Après l’affaire Dethmer, l’affaire des corbillards confirme que la colocation funéraire se porte bien et que… la réalité dépasse la fiction.
La lecture de l’article, signé S.A. Zanzala, ancien conseiller départemental du Pool, est une telle délectation, que voici d’autres extraits à la saveur de foufou :
« Cette situation était très pénible, non seulement pour les familles éprouvées qui devaient précéder les corbillards aux lieux d’inhumation où elles devaient les attendre, parfois sous un soleil accablant, pendant des heures et des heures, mais aussi et surtout, pour les chauffeurs qui, des fois, étaient obligés de traverser toute la ville pour aller collecter, comme un service de messagerie, les cercueils, ces « colis sans valeur », comme on dit dans le jargon de la messagerie, qui étaient amenés aux domiciles ou dans les lieux de culte.
(…) On apprend que deux familles appartenant à une même tribu se seraient, par inadvertance, échangées les cercueils qu’elles ont enterrés dans deux cimetières différents.
Néanmoins, c’est au moment où l’une d’entre elles a ouvert le cercueil pour saupoudrer le mort avec le soufre et verser l’acide, afin de l’incinérer, qu’elle s’est rendu compte de cette situation malencontreuse qui lui a causé du tort et de l’embarras.
Et, comme la journée était bien avancée, et il était temps pour fermer le cimetière, les croque-morts n’ont pas eu une autre solution que d’enterrer le mort, ranger leurs outils de travail et rentrer chez eux. On ne sait pas si dans l’autre cimetière, l’autre famille s’en était, elle aussi, rendue compte.

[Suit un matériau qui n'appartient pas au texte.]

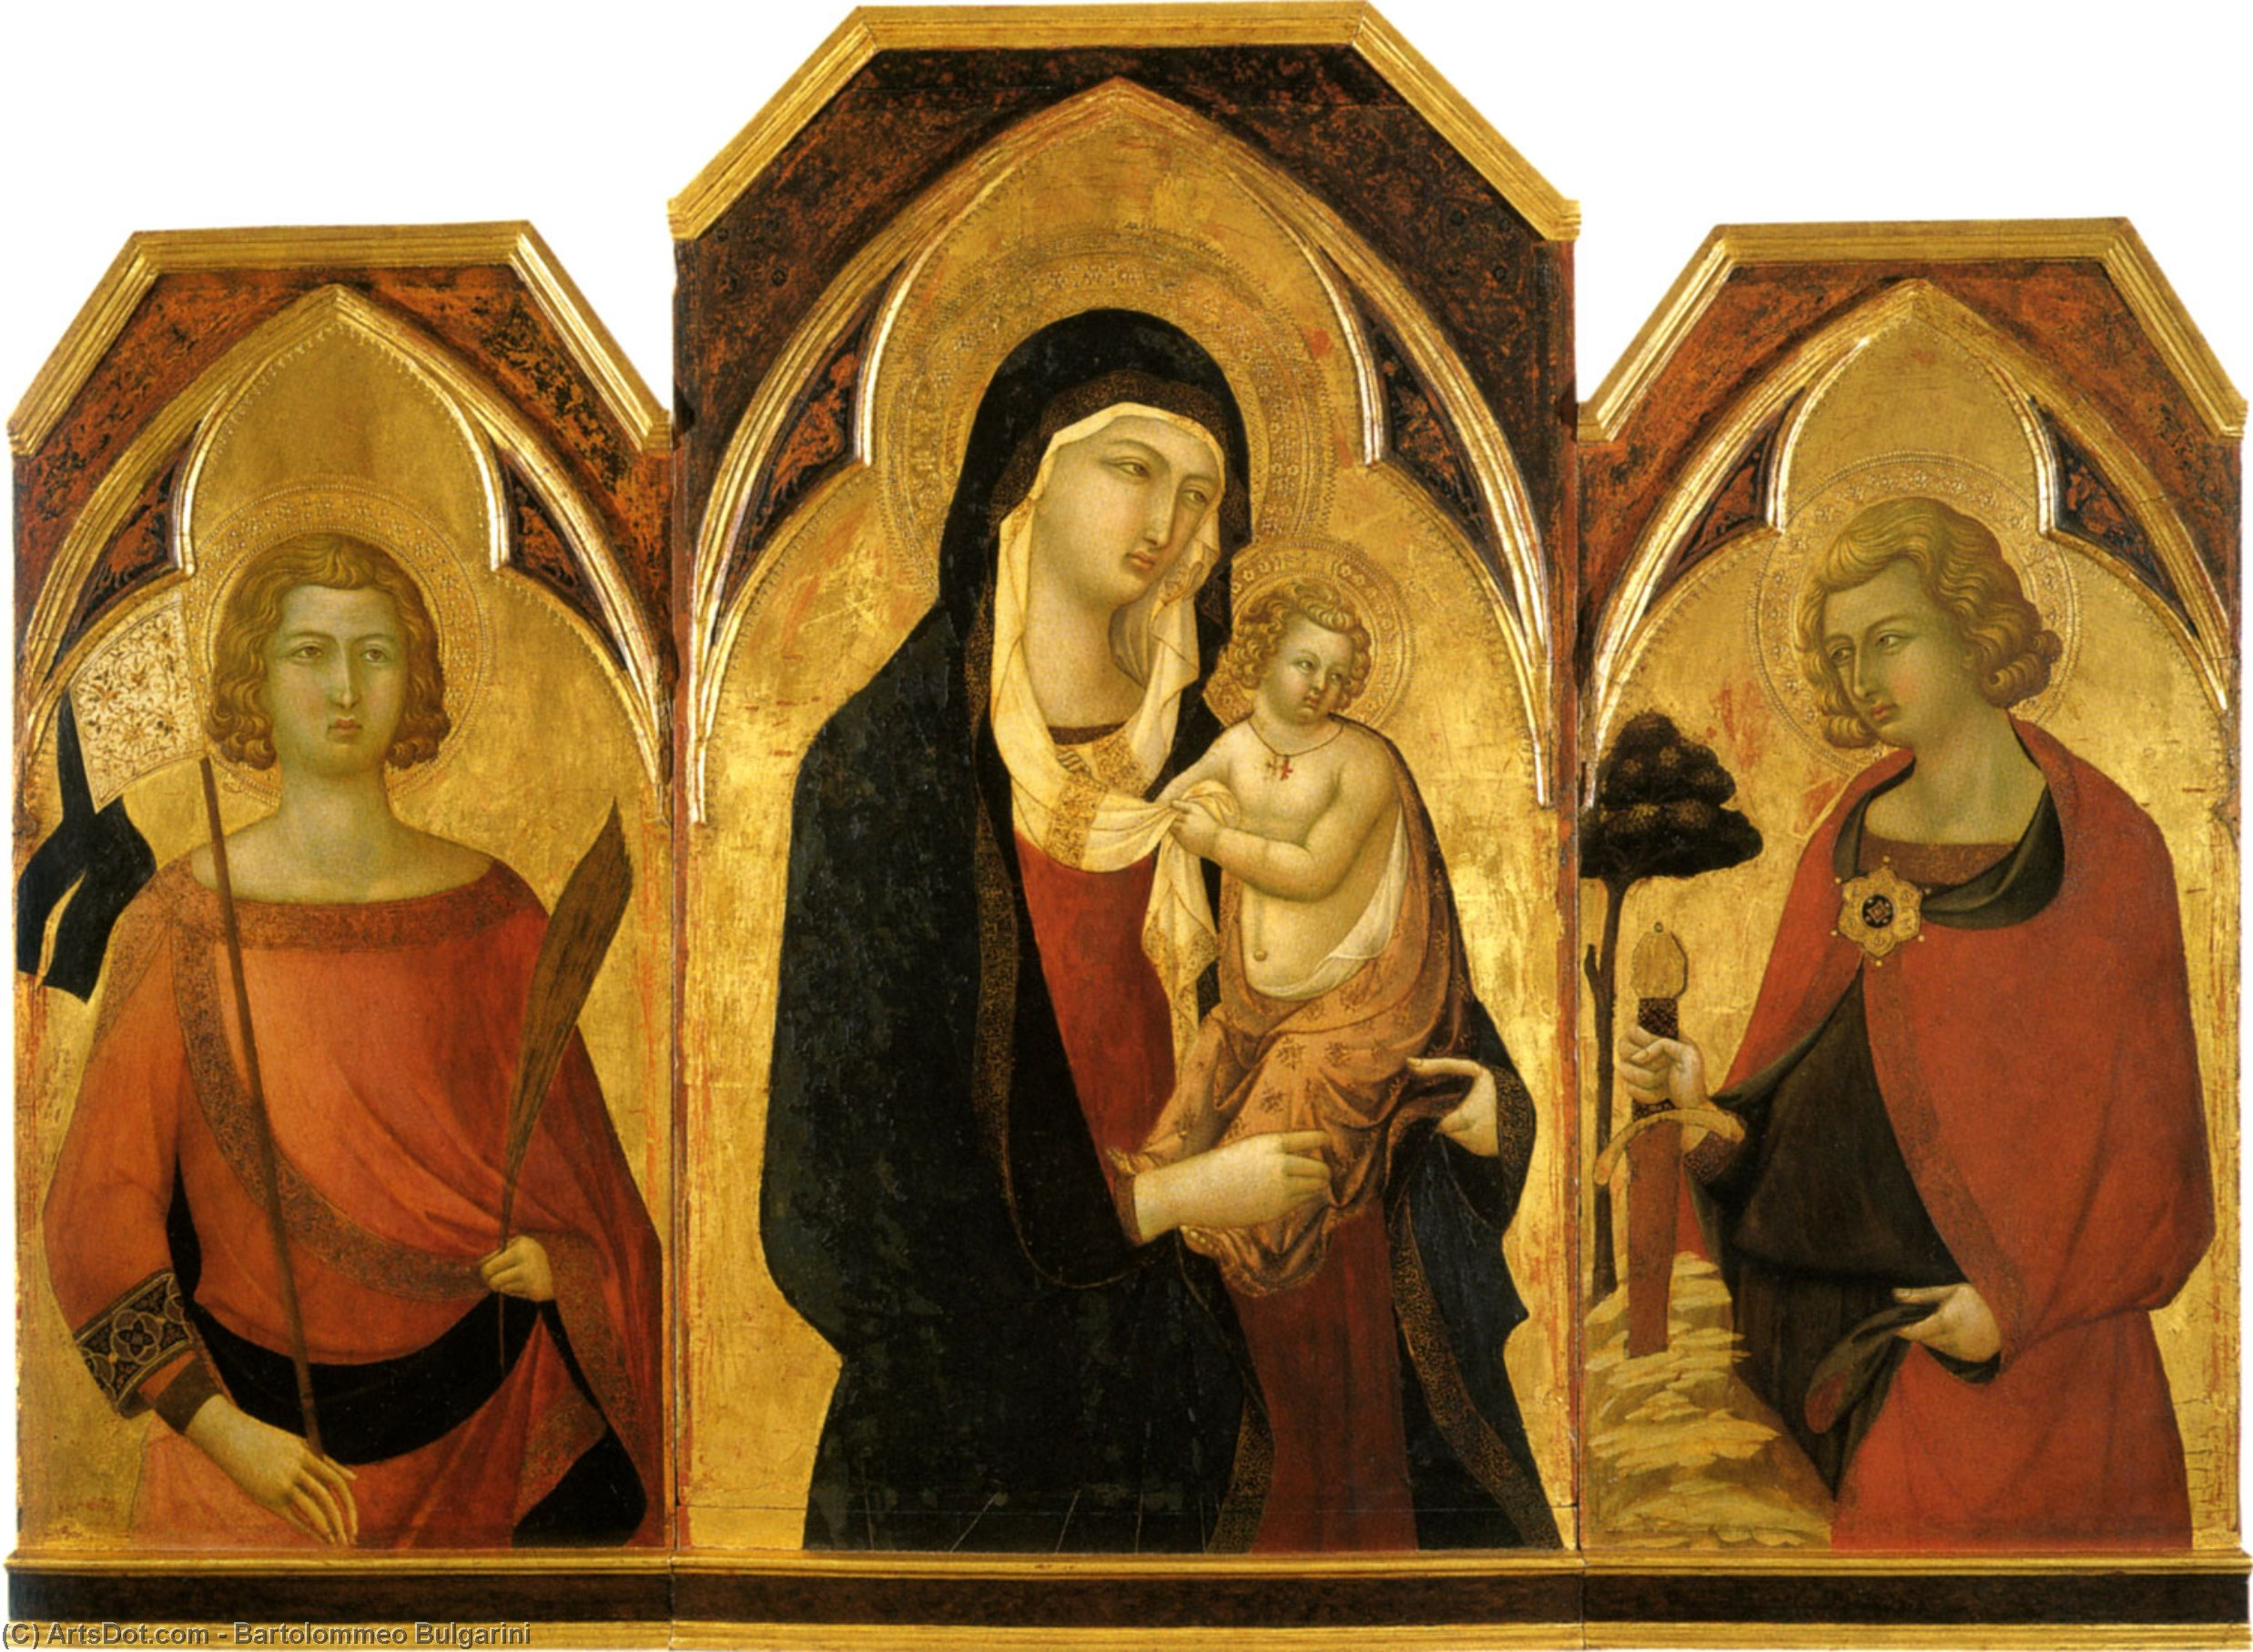 WikiOO.org - Enciklopedija dailės - Tapyba, meno kuriniai Bartolommeo Bulgarini - The madonna and child with saints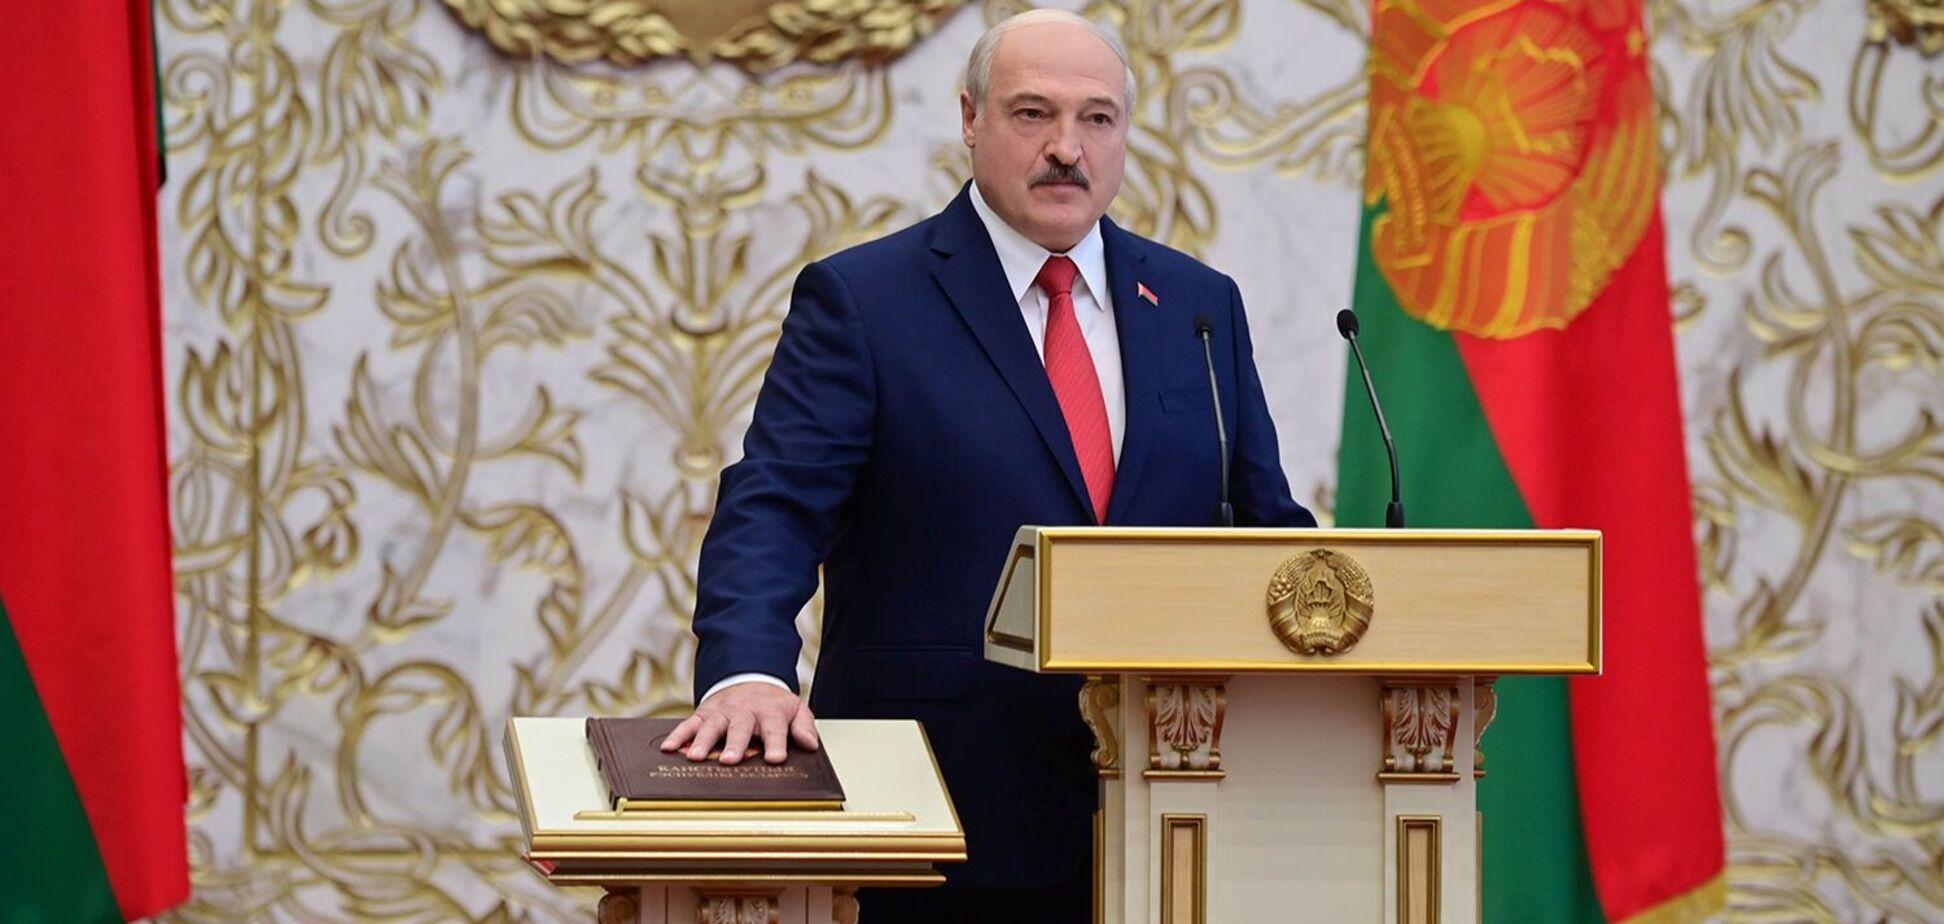 Александр Лукашенко провел незаконную инаугурацию

C’est donc pour mettre fin aux dures épreuves et à des telles scènes vécues par les familles que la mairie centrale de Brazzaville a acquis quinze nouveaux corbillards qui font la joie de tous [sic].
(…)
Les Congolais font non seulement des hautes spéculations, mais aussi des liens forts entre la construction d’un nouveau pavillon à la morgue municipale de Brazzaville, l’achat des nouveaux corbillards, le commerce des ossements humains et les pratiques magiques dans lesquelles leurs dirigeants seraient devenus de grands maîtres. Car de mémoire d’homme, un tel investissement n’a jamais eu lieu dans l’achat des ambulances, que ça soit du côté du gouvernement ou de celui de la mairie centrale. Pourtant, il s’agit là de sauver des vies humaines.
(…)
Alors que vu le nombre d’évacuations sanitaires enregistrées chaque jour dans les différents centres médicaux ou hospitaliers de Brazzaville, c’est dans l’achat des ambulances et non dans celui des corbillards que les autorités nationales ou municipales devraient investir pour convaincre les Congolais sur leurs efforts dans le développement du secteur de la santé. Sous d’autres cieux où l’amour de l’autre est bien pratiqué, il y a aussi des hélicoptères-ambulances médicalisés.
Et, justement, c’est au cours de l’année 2013, déclarée « année de la santé », que le gouvernement congolais devrait, entre autres, doter d’ambulances tous nos grands centres de santé, afin que les Congolais, souvent pessimistes sur le développement ou l’émergence de leur pays en 2025, ne soient pas tentés de dire : « Vive les corbillards, à bas les ambulances ! ».